By Tara Laskowski, MFA ’06
With the global warming debate heating up in the news, researchers at George Mason University and the independent Center for Ocean-Land-Atmosphere Studies (COLA) conducted a comprehensive, and somewhat controversial, study that showed global warming temperatures for the next century might be higher than have been estimated.
The study put current climate models to the test and for the first time ranked these complex systems in terms of accuracy. Results showed that when current models used to predict the Earth’s climate are ranked in this way, the more reliable models tend to project higher estimates of global warming for the next century.
A paper on the study, “Climate Model Fidelity and Projections of Climate Change,” which appeared in Geophysical Research Letters, presents a detailed mathematical analysis of the model simulations prepared for the Intergovernmental Panel on Climate Change (IPCC). It predicts that higher estimates of global warming—4 to 5 degrees Celsius as opposed to the model consensus range of 2 to 4 degrees Celsius—may be more likely.
This study is the first to relate the ranking of climate model accuracy to their simulations of future climate. In previous studies, the scientific community has been reluctant to evaluate models in relation to one another, but Mason and COLA scientists have used this comparison to stress an important trend in the current predictions of global warming.

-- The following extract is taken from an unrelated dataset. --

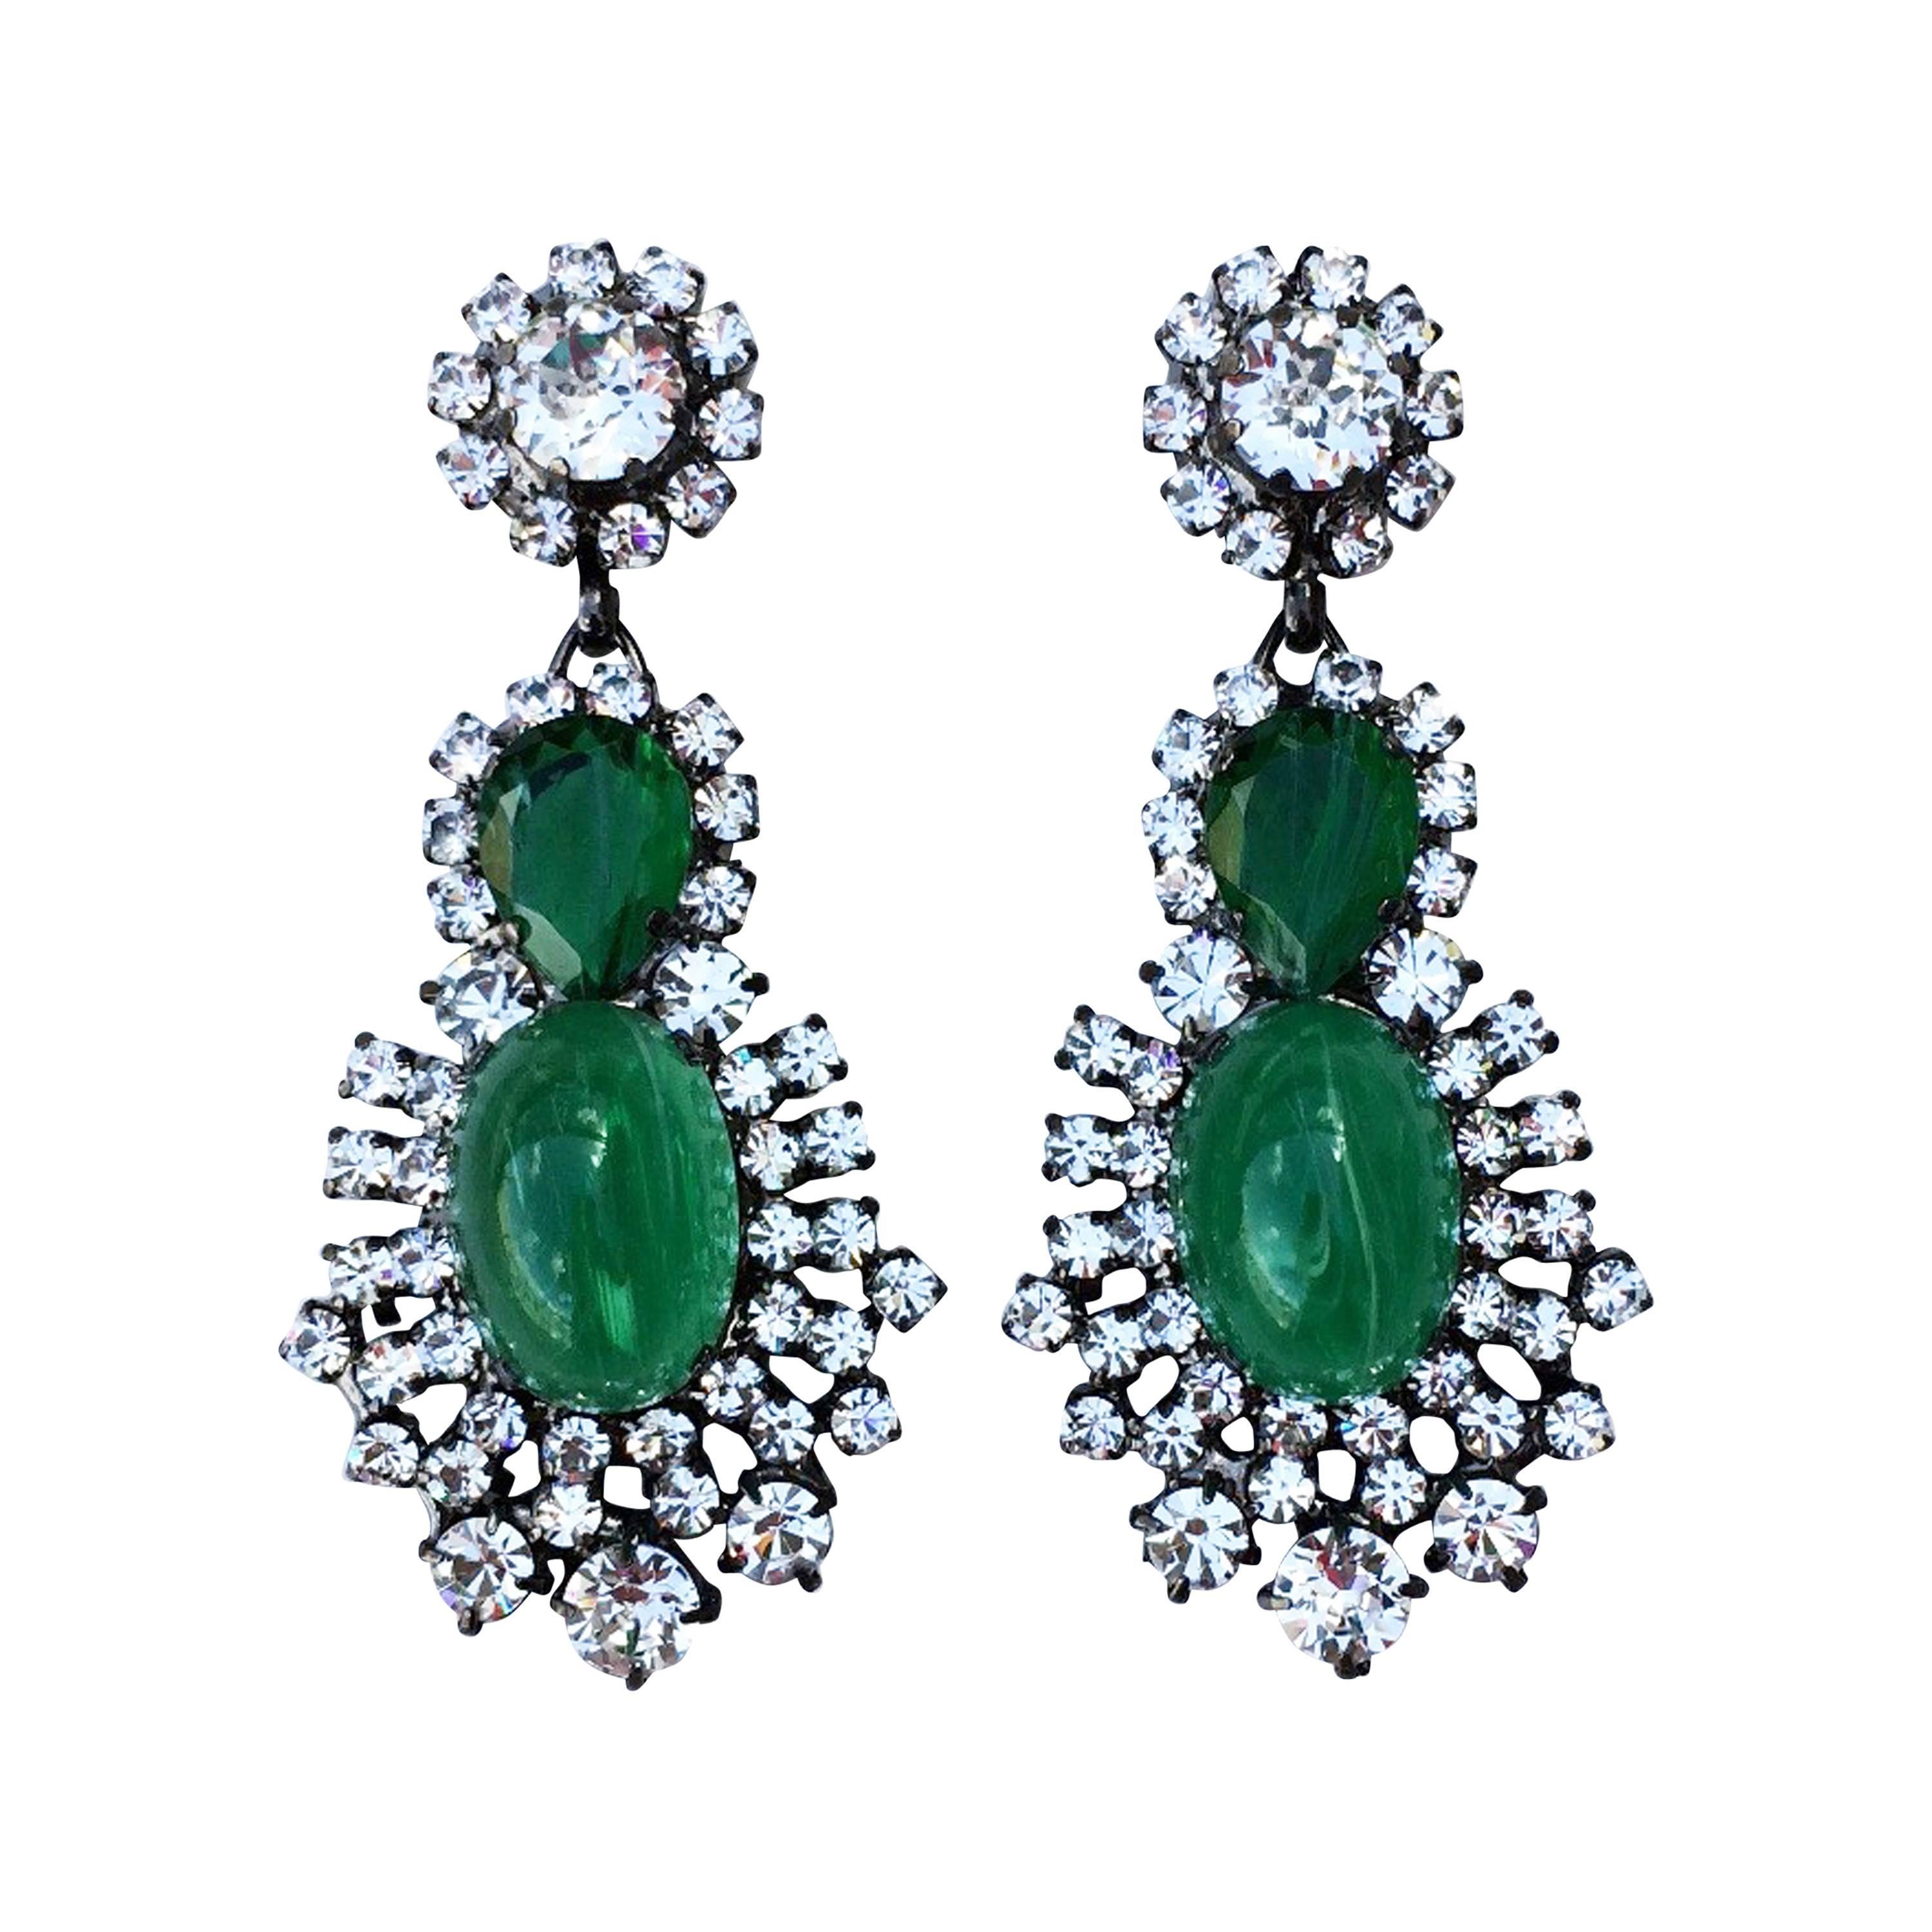 Alan Anderson Couture Crystal Ear Drops

“Most reports of IPCC projections treat all models as equal, but we have found that some models do a better job of simulating the past century than others,” says Jagadish Shukla, professor of climate dynamics and the paper’s lead author. “Giving the higher fidelity models more weight implies a higher future global warming estimate than expected heretofore.”
The researchers (Shukla, Timothy DelSole, Michael Fennessy, Jim Kinter, and Daniel Paolino) looked at the results of 14 current climate models from 10 different premier laboratories in five different countries. The identities of the models are being withheld to avoid promoting or criticizing individual models or modeling groups.
“It is somewhat controversial in the climate modeling community to rank the models, primarily because the climate system is complex, and an individual model may do well on one aspect of climate and poorly on others,” says Kinter, director of COLA, a research center in Calverton, Maryland, and an associate professor of climate dynamics at Mason. “It is also controversial from a political point of view, because the models are associated with particular institutions and their countries of origin, and no institution or country wants its model to be found to be inferior to other models.
“As a result, the usual IPCC practice of model analysis is to consider all models as equals. Our result, that the more accurate the model, the higher the estimate of future global warming, suggests that equal weighting among all models may lead to an underestimate.”
Changes predicted in the Earth’s climate for the next 100 years have scientists concerned, and Mason and COLA researchers hope their results will throw more light on the subject.
“This paper addresses one of the most important issues facing both the scientific community and the international policy community: namely, the magnitude of global warming because so much is at stake for the future of humankind and the planetary ecosystem,” says Shukla, who recently received the International Meteorological Organization Prize, which is considered the highest international award in the meteorological field, for his work.
If the Earth warms 4 or 5 degrees on average in the next century, that change could have a significant effect on certain geographic areas. “The sort of changes we are talking about are relatively small,” says Kinter, “but because the changes we have already seen in the past 100 years are unprecedented with respect to the past 400,000 years of the planet’s history, there is concern.”